Commencing on July 1, 2011, and annually thereafter the TSM Fee
shall be adjusted by any increase in the Consumer Price Index (CPI)
until all fees have been paid. The CPI increase shall be determined by
using the information provided by the U.S. Department of Labor,
Bureau of Labor Statistics, for all urban consumers within the Los
Angeles/Riverside/Orange County metropolitan area during the prior
year. The calculation shall be made using the month of April over the
prior month of April. In the event there is a decrease in the CPI for any
annual indexing, the fee shall remain at its then current amount until
such time as the next subsequent annual indexing which results in an
increase.
6.12. Developer hereby waives any right that it may have under California
Government Code Section 65915 et seq., or any successor thereto, or
any other provision of Federal, State, or City laws or regulations for
application or use of any density bonus that would increase the
number of dwelling units approved to be constructed on the Property.
6.13. Developer agrees to cast affirmative ballots for the formation of one or
more assessment districts and levying of assessments, for the
maintenance of parkway and median landscaping, street lighting,
including but not limited to all water and electricity costs, and if
requested by the City Council, parks for the provision of special
benefits conferred by same upon properties within the Project.

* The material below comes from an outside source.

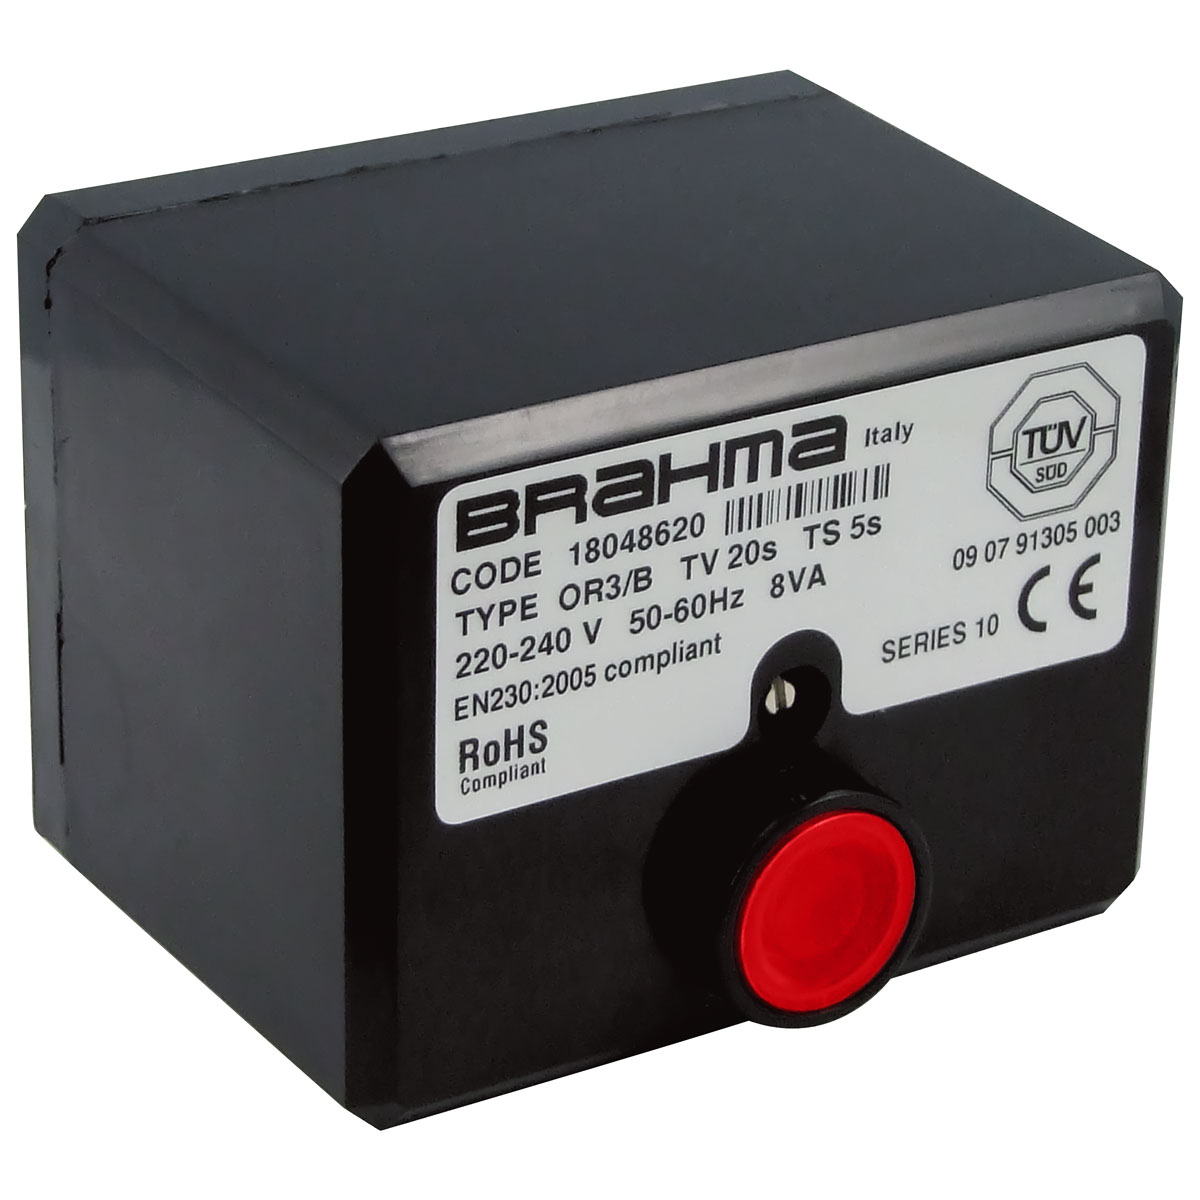 Brahma Control Box OR3/B 230v 50 / 60Hz C/W Base

Developer further agrees to form one or more property owner
associations and to obligate said associations to provide for
maintenance of parkway and median landscaping, street lighting, and if
requested by the City Council, parks in the event the aforementioned
assessment district is dissolved or altered in any way or assessments
are reduced or limited in any way by a ballot election of property
owners, or if the assessment district is invalidated by court action. Prior
to recordation of the first final map for the Property, if required by City
at its sole discretion, Developer shall also form one or more property
owner associations to assume ownership and maintenance of open
space land, trails, storm water detention and/or debris basins and
related drainage facilities, landscaping, and other amenities, and to
comply with the National Pollutant Discharge Elimination System
(NPDES) requirements of the Project. The obligation of said property
owner associations shall be more specifically defined in the conditions
of approval of Tract 5860 and RPD 2009-02.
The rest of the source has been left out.